Extracted data entries:
--- --- ---

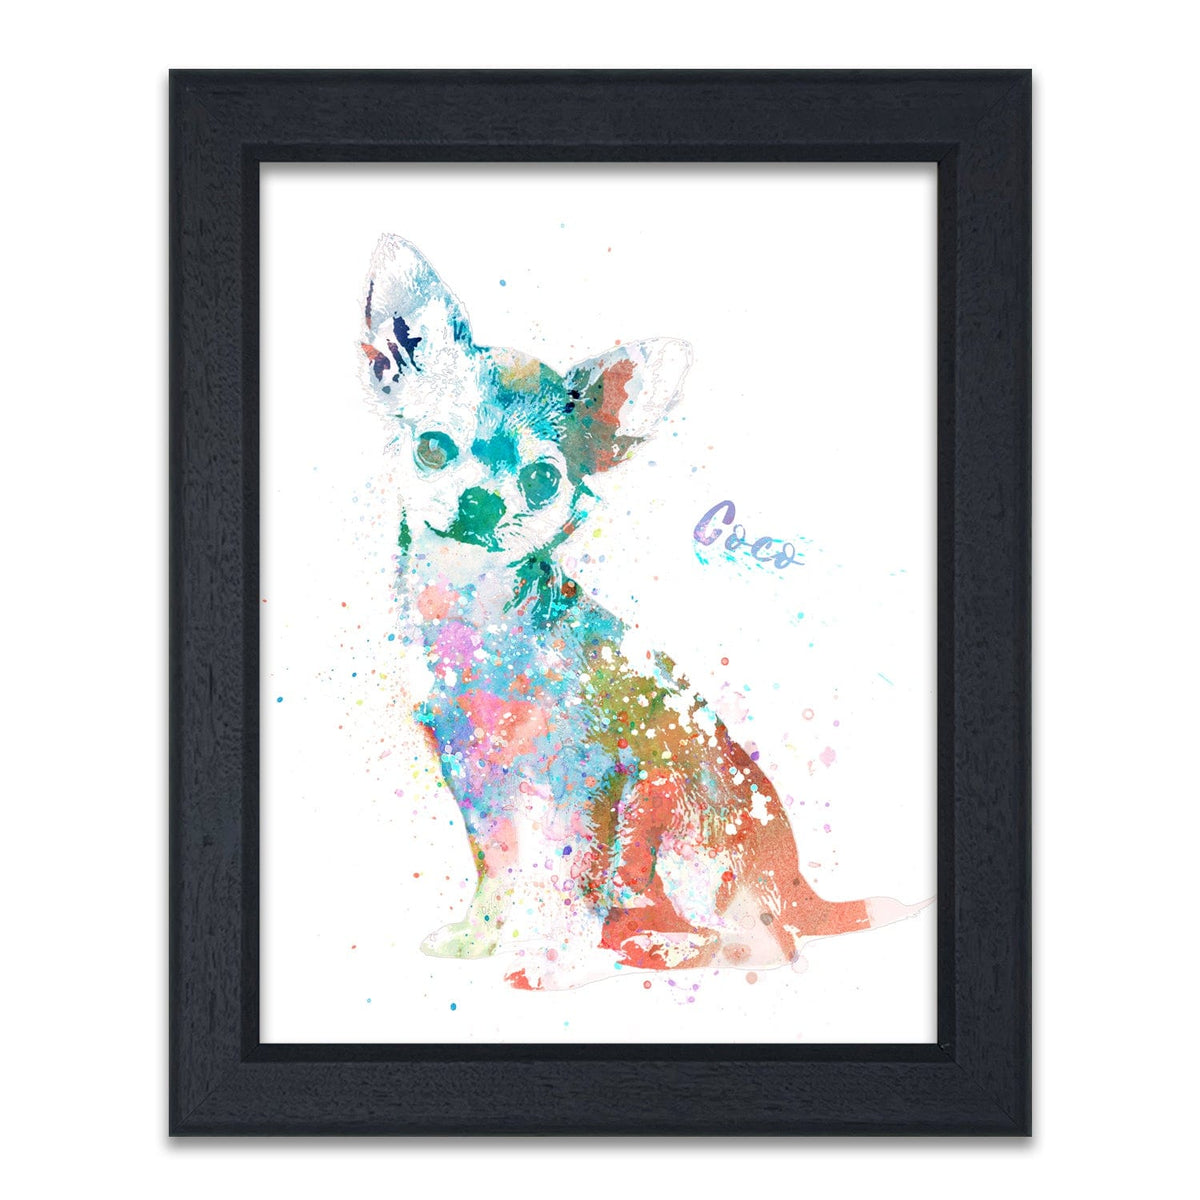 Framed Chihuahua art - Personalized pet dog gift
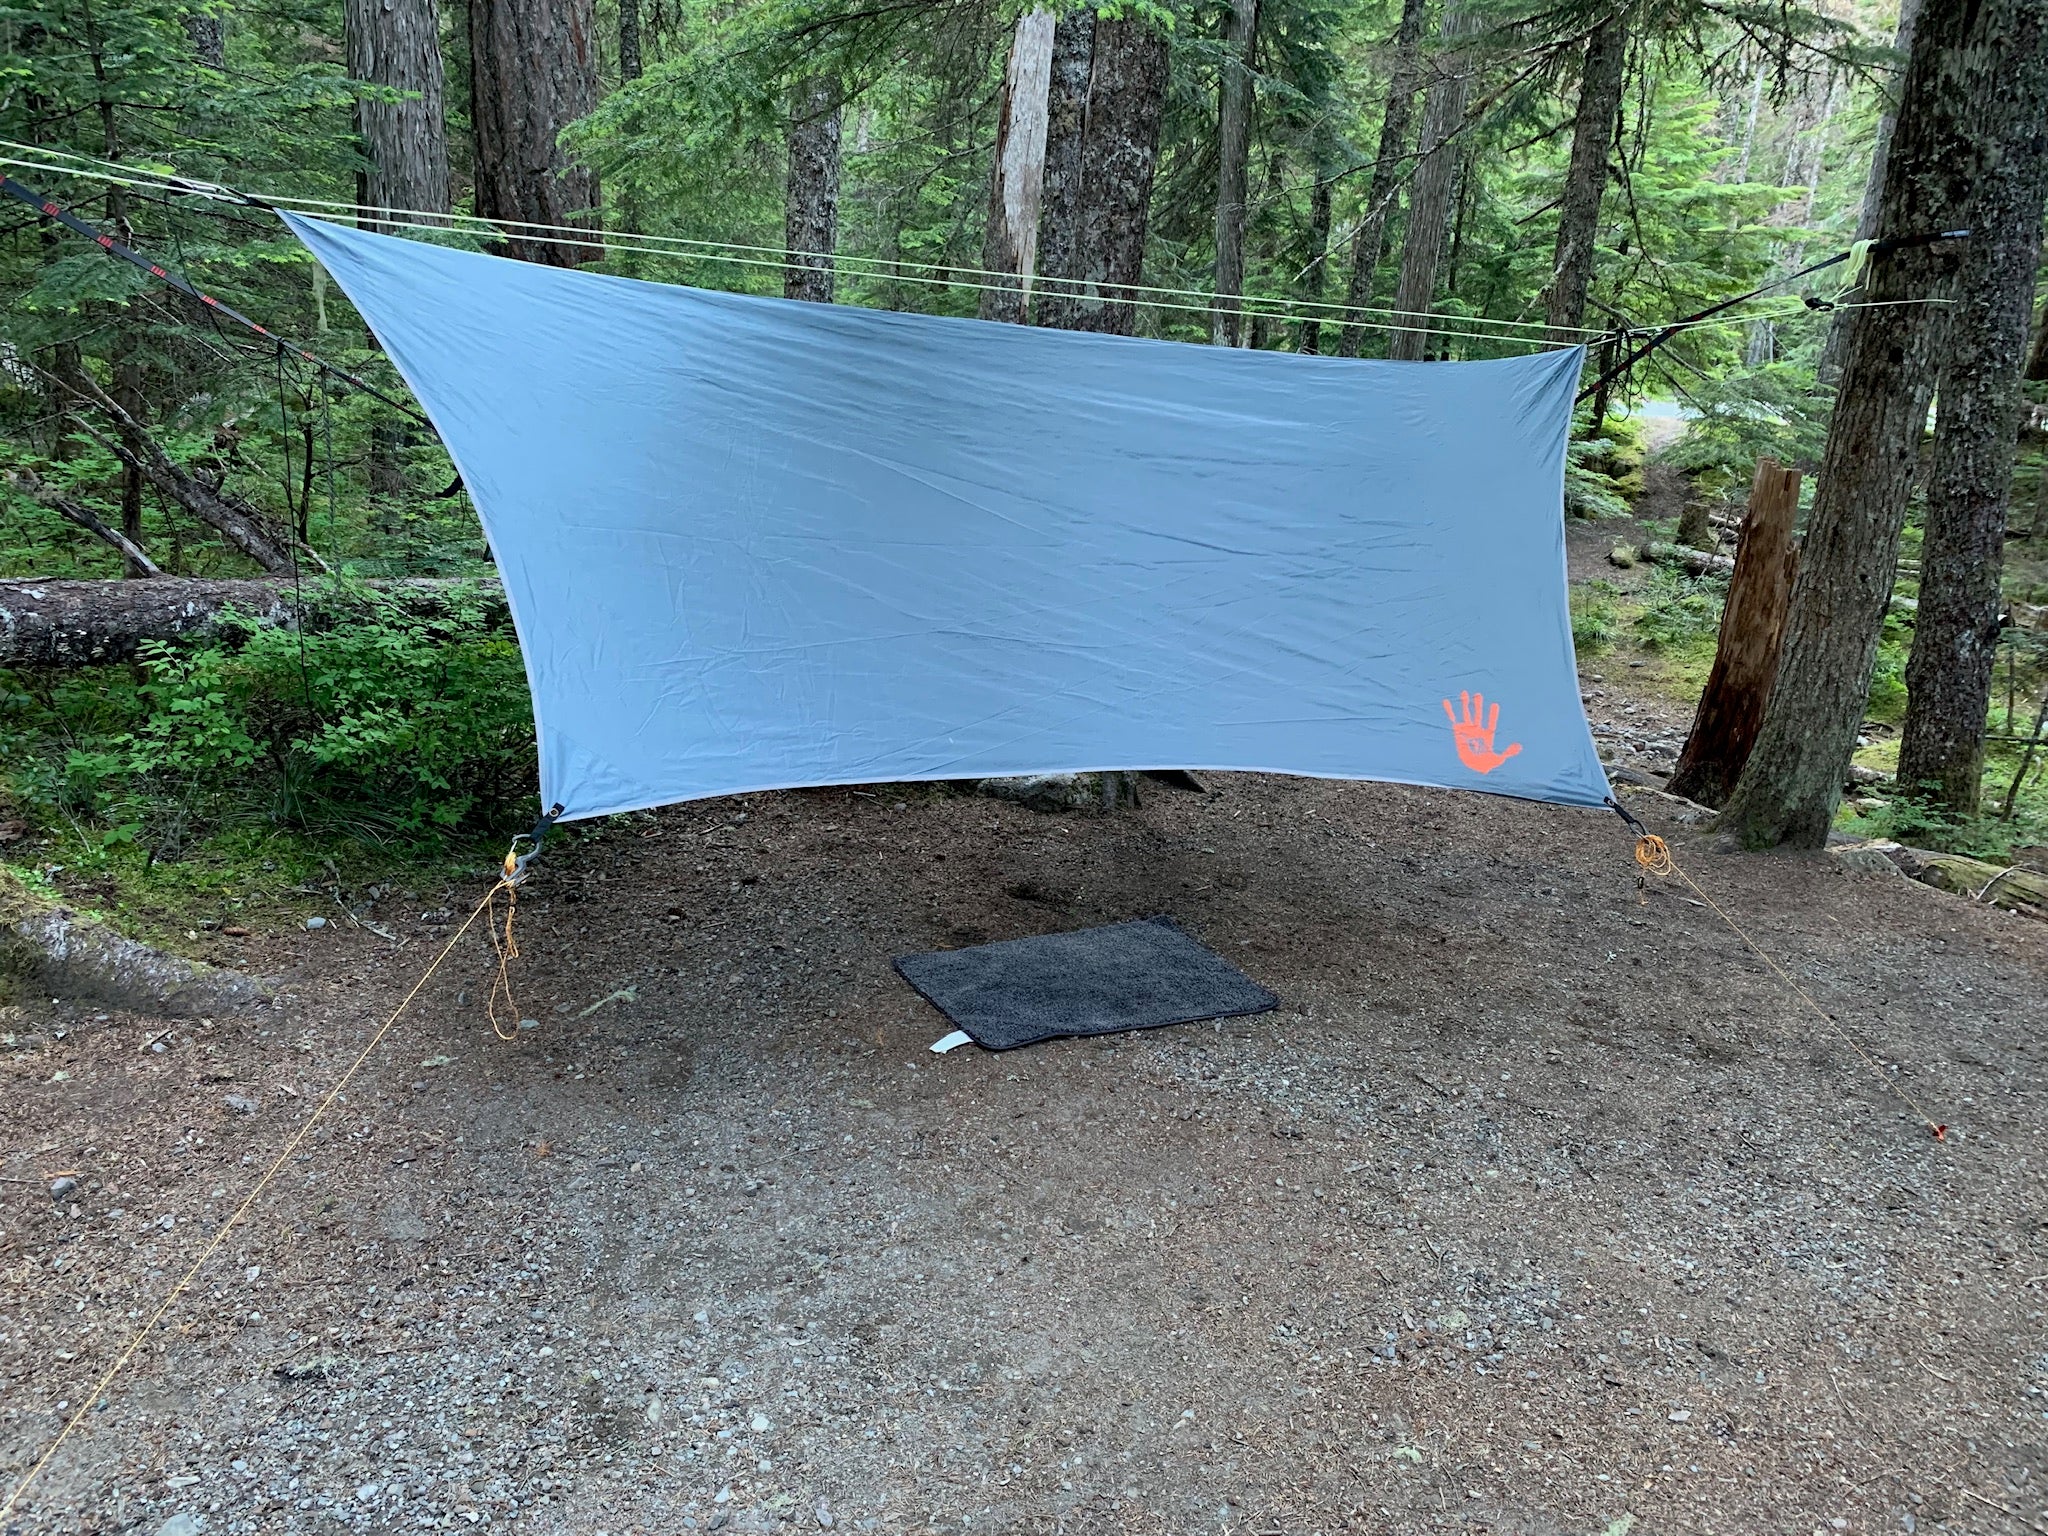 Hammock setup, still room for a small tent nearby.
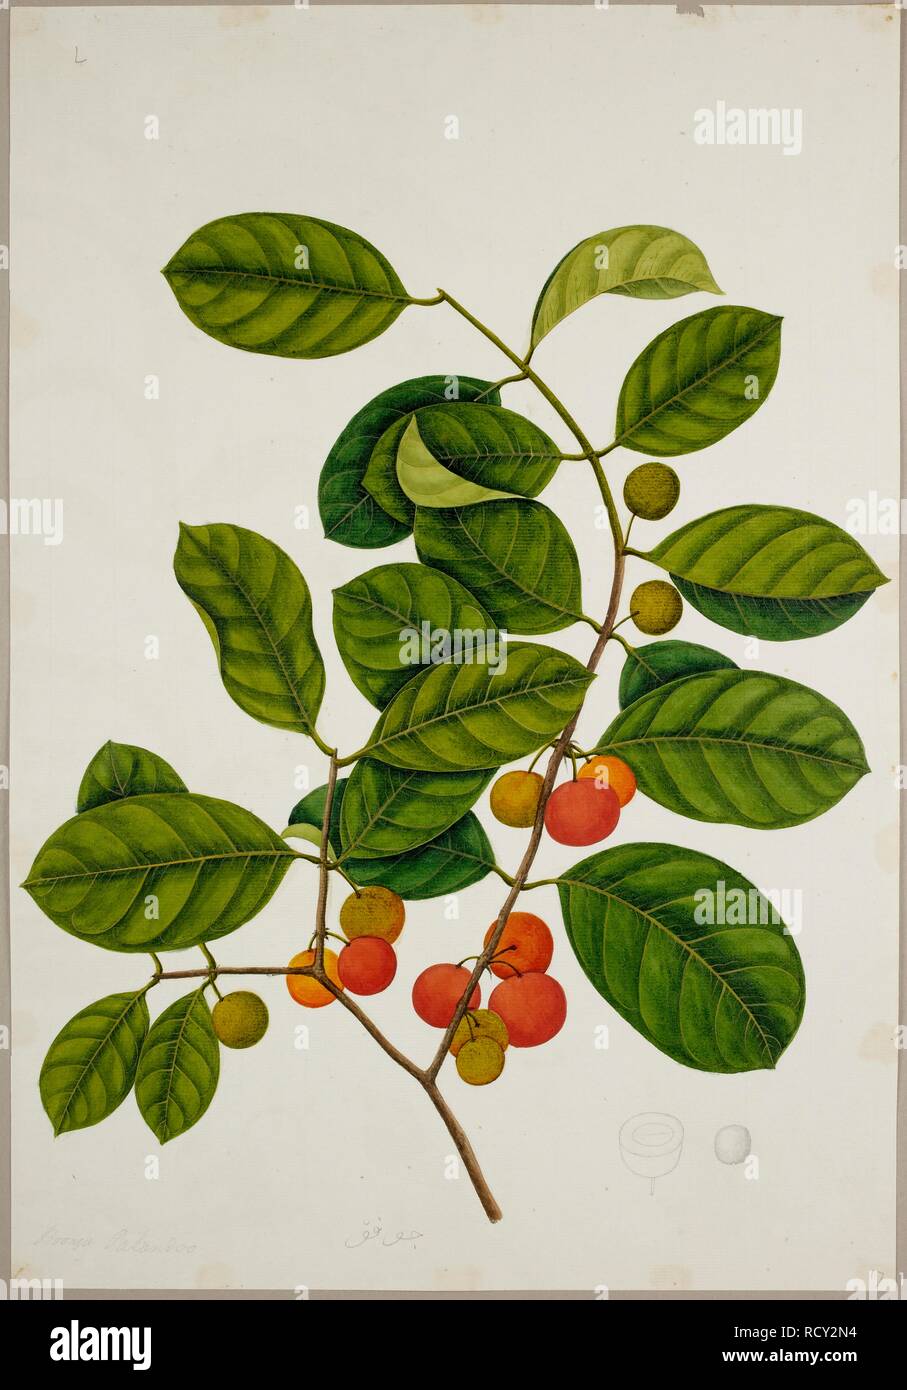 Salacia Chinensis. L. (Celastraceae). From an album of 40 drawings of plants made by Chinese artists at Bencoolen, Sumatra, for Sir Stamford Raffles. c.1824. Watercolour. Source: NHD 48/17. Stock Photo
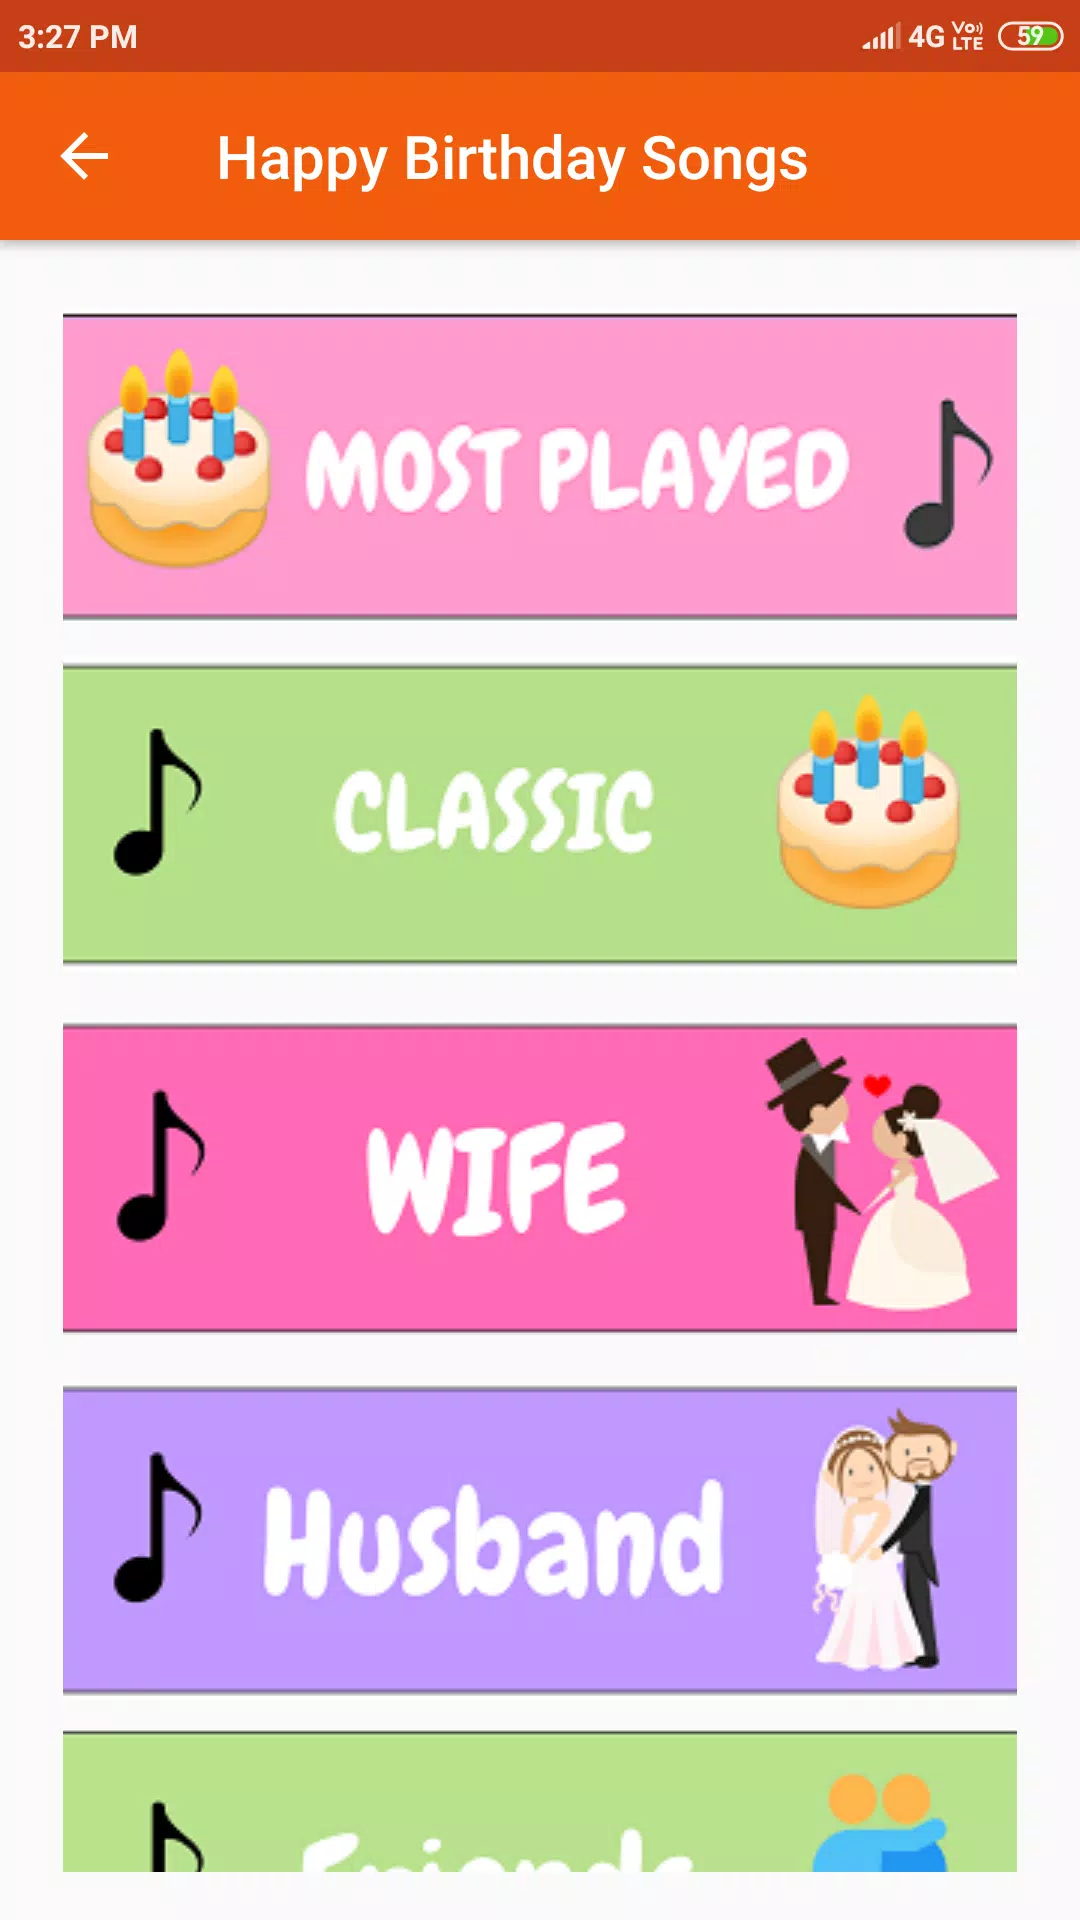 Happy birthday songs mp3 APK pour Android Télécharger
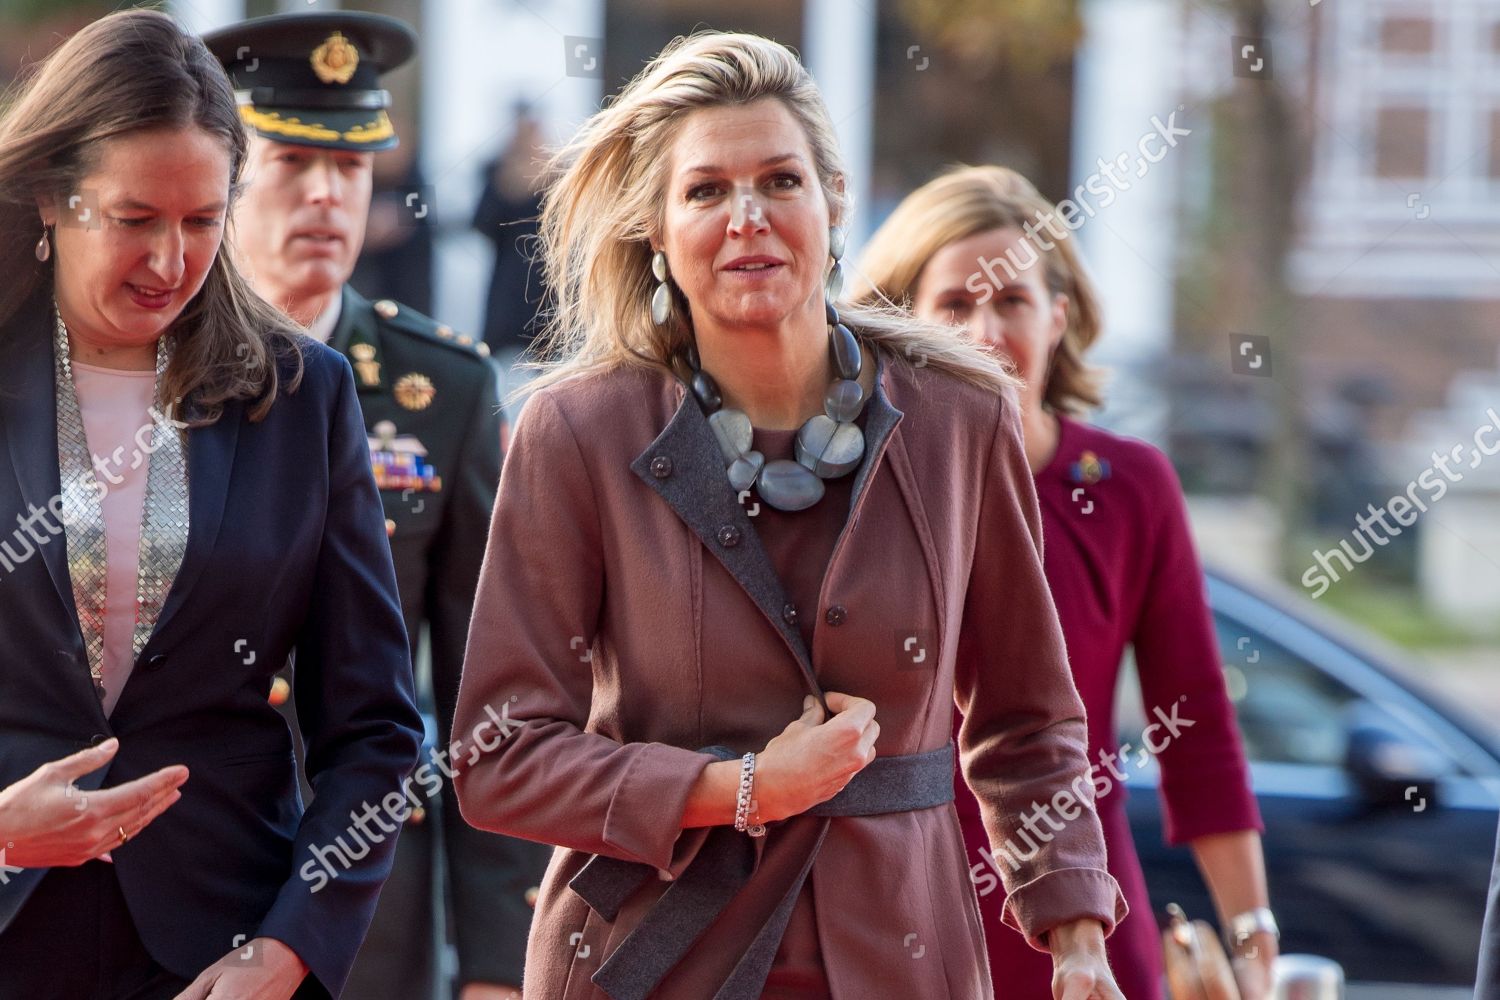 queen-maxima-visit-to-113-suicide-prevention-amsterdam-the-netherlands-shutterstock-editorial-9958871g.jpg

--- --- ---

WORK REQUEST> For this exercise, print all of the entries exactly as they appear, but without pictures.

RESPONSE AREA>
 Framed Chihuahua art - Personalized pet dog gift
 Hammock setup, still room for a small tent nearby.
 Salacia Chinensis. L. (Celastraceae). From an album of 40 drawings of plants made by Chinese artists at Bencoolen, Sumatra, for Sir Stamford Raffles. c.1824. Watercolour. Source: NHD 48/17. Stock Photo
 Happy birthday songs mp3 APK pour Android Télécharger
 queen-maxima-visit-to-113-suicide-prevention-amsterdam-the-netherlands-shutterstock-editorial-9958871g.jpg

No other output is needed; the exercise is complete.